Twitter pays $3,500 to Ukrainian who found flaw in image cropping algorithm

Ukrainian Bogdan Kulynych, a graduate student at Switzerland’s EFPL university, demonstrated racial bias in the Twitter algorithm used to create preview images. For this, the company has paid him a reward of $3,500.

As The Guardian reports, Kulynych found bugs in the image cropping algorithm, which seems to have regularly focused on white faces, cutting out images of black people. The algorithm even favored white dogs, cropping out black ones.

Twitter algorithm flaw

Twitter has been using automatic cropping of images for a long time so that they don’t take up too much space in the main feed and so that multiple images can be shown in a single tweet. The company uses several algorithmic tools to focus on the most important parts of an image, keeping faces and text.

But in 2020, users noticed that Twitter’s algorithms prefered white people and even white dogs, almost always cutting off black people.

Each of the images has a black or dark-skinned character, but the algorithms choose a white character every time.

The company’s research also confirmed a bias in favor of white and female faces. So, Twitter launched a reward program to find problems with the algorithm — the participants who would demonstrate flaws were promised a reward.
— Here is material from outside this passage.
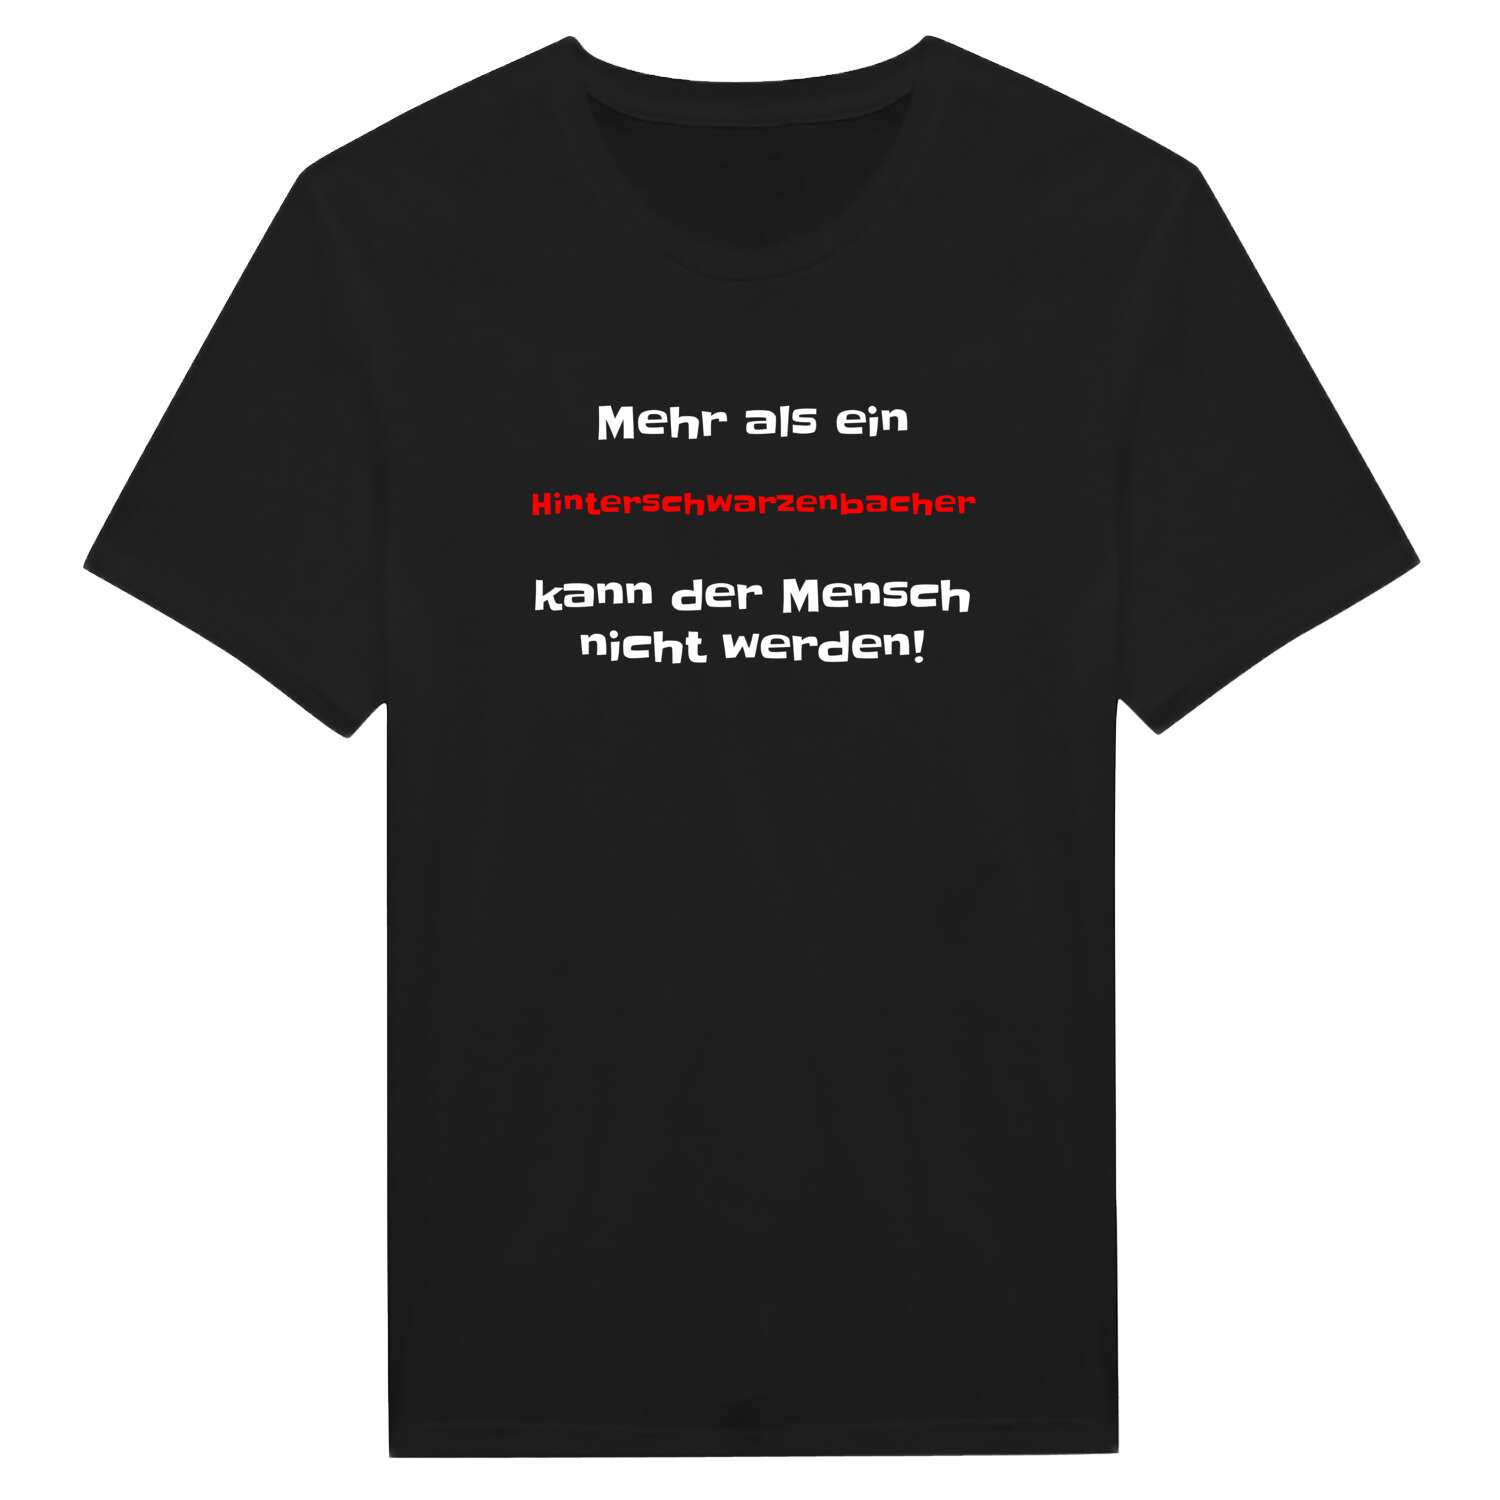 Hinterschwarzenbach T-Shirt »Mehr als ein«

Research by Bogdan Kulynych

Kulynych has proved the bias by first artificially generating faces with different characteristics and then running them through Twitter’s cropping algorithm to see what the software was focusing on.

Since the faces themselves were artificial, it was possible to create faces that were nearly identical but with different skin tones, face forms, gender, or age and thus demonstrate that the algorithm focused on younger, slimmer, and lighter faces.

“Algorithmic harms are not only ‘bugs.’ Crucially, a lot of harmful techs are harmful not because of accidents, unintended mistakes, but rather by design. This comes from maximization of engagement and, in general, profit externalizing the costs to others. As an example, amplifying gentrification, driving down wages, spreading clickbait and misinformation are not necessarily due to ‘biased’ algorithms,” Bogdan said.